Waldheim has consistently denied having any links with Nazi-affiliated groups.

The New York Times today quoted Waldheim as saying he has acknowledged serving in the military. But he said he played a minor role and did not know of the brutal campaigns against Yugoslavs or the mass deportation of Greek Jews from Salonika carried out by the units to which he was attached.

Waldheim also told the newspaper that he joined the Nazis to shield his family. His father, Walter, was a well-known opponent of the Nazis, who eventually stripped him of his job as a schoolteacher.

For his activities in Yugoslavia, Waldheim received the King Zvonmir silver medal with oak leaves from the Nazi puppet state of Croatia for "service under enemy fire." He told the newspaper that the medals were routinely given.

Waldheim said he committed no crime in Yugoslavia. "I sat there and the German command gave orders to the Italian units and the Italians gave messages back and they needed an interpreter," he was quoted as saying.

He said he analyzed enemy troop movements in Salonika.
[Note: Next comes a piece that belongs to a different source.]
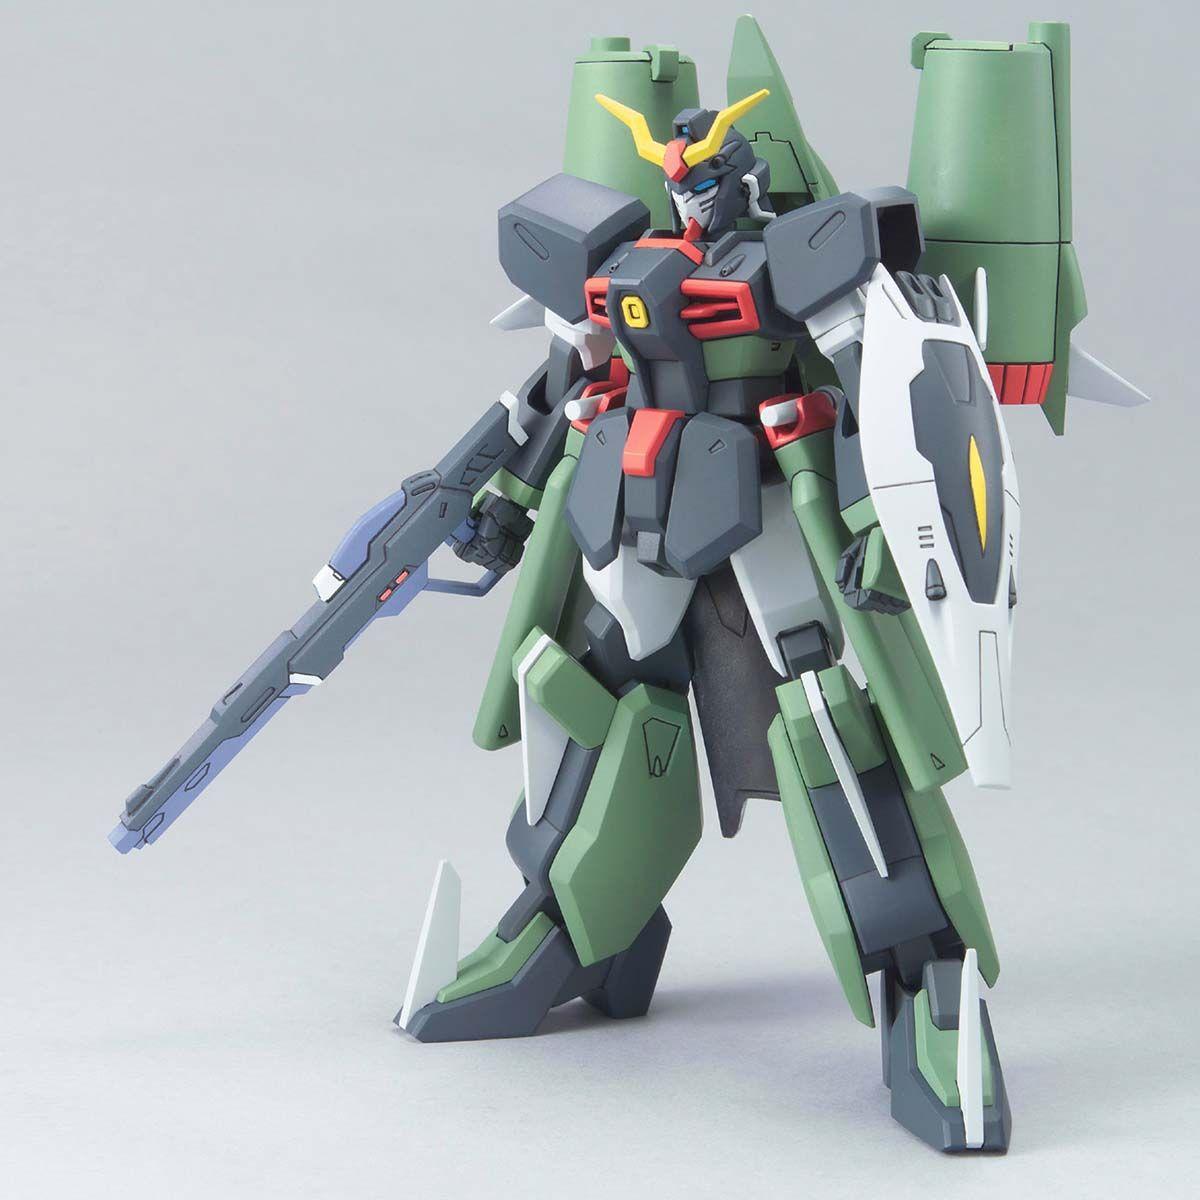 1466HG 1/144 ZGMF-X24S カオスガンダム [Chaos Gundam]

The paper described him as "visibly shaken" as he denied during an interview even knowing about Lohr's deportations from Salonika of nearly 43,000 Jews between March and May of 1943 to death camps at Auschwitz, Treblinka and Lublin. Waldheim was based in Salonika for part of that time.

An investigation into Waldheim's war background in 1946 and again in 1980 had failed to produce this material, both the New York Times and WJC said.

Bronfman said the organization was tipped off by a "friendly source."